I immediately jumped up, believing that I was to remain behind the curtain the entire time. I saw two nurses, one with glasses and another without (it was the only way I could differentiate between the two as they both had on all white from head to toe), bringing Trey to a table next to the scale.
“Where’s your camera?” the nurse without glasses quipped. “You gotta be on the ball, dad. This is the time to take pictures.”

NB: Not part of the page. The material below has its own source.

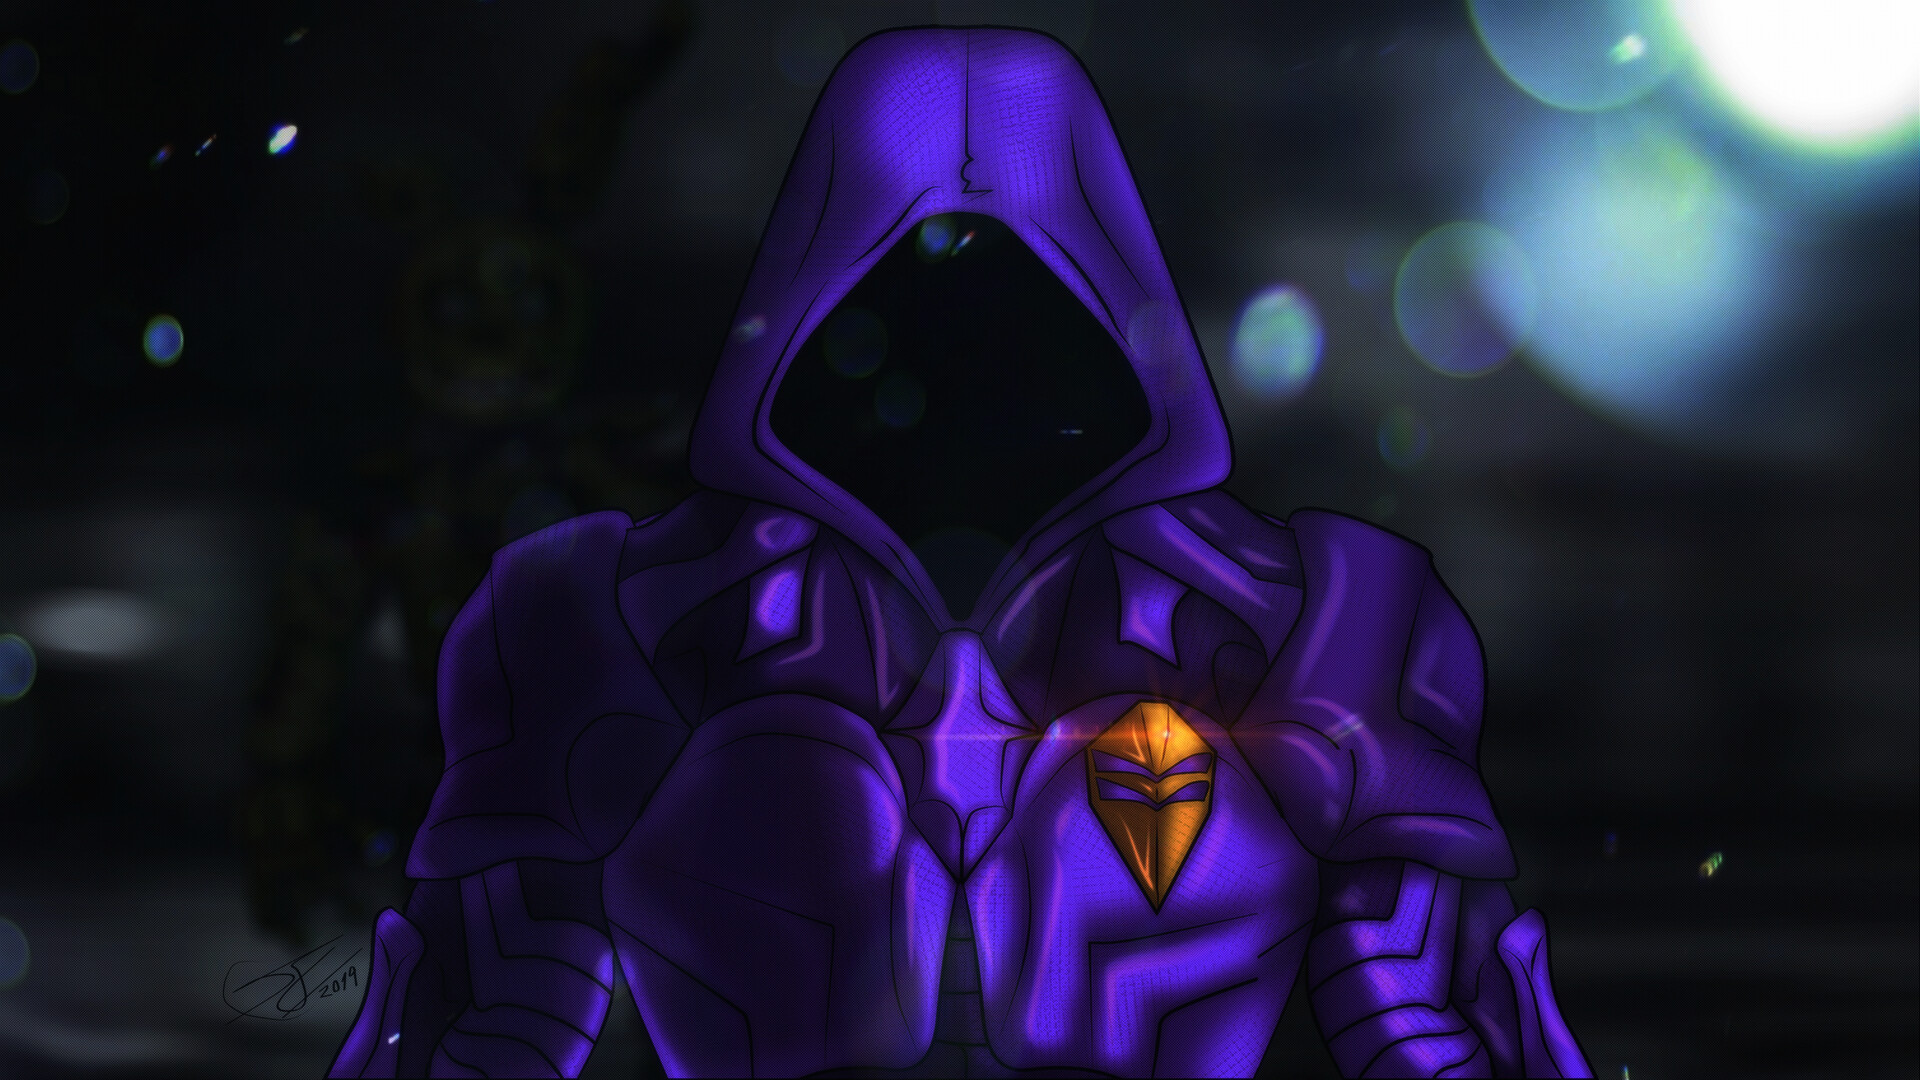 Federico Segovia That Man In Purple

Indeed the shutterbug had put his camera away believing I could not take pictures in the delivery room. I don’t know why I thought that, seeing so many shows where proud fathers videotape the birth of their children. Given the go-ahead to take pictures I immediately pulled out my digital camera and, with the record function, captured Trey’s first real cry. I was emotional, though I did not shed tears. My voice cracked as I whispered his given name out. Once I held my son for the first time I fell in love with him even more. When it was time for Trey to go to the nursery I made excuses to go and look at him. Every cry I heard reminded me of his. I never went to the bathroom so many times.
Do you have any advice for fathers who are expecting for the first time?
Embrace the moment. Take pictures and get involved in every aspect from the ultrasound appointments, doctor visits, baby shower gift selection. It is a time never to be forgotten.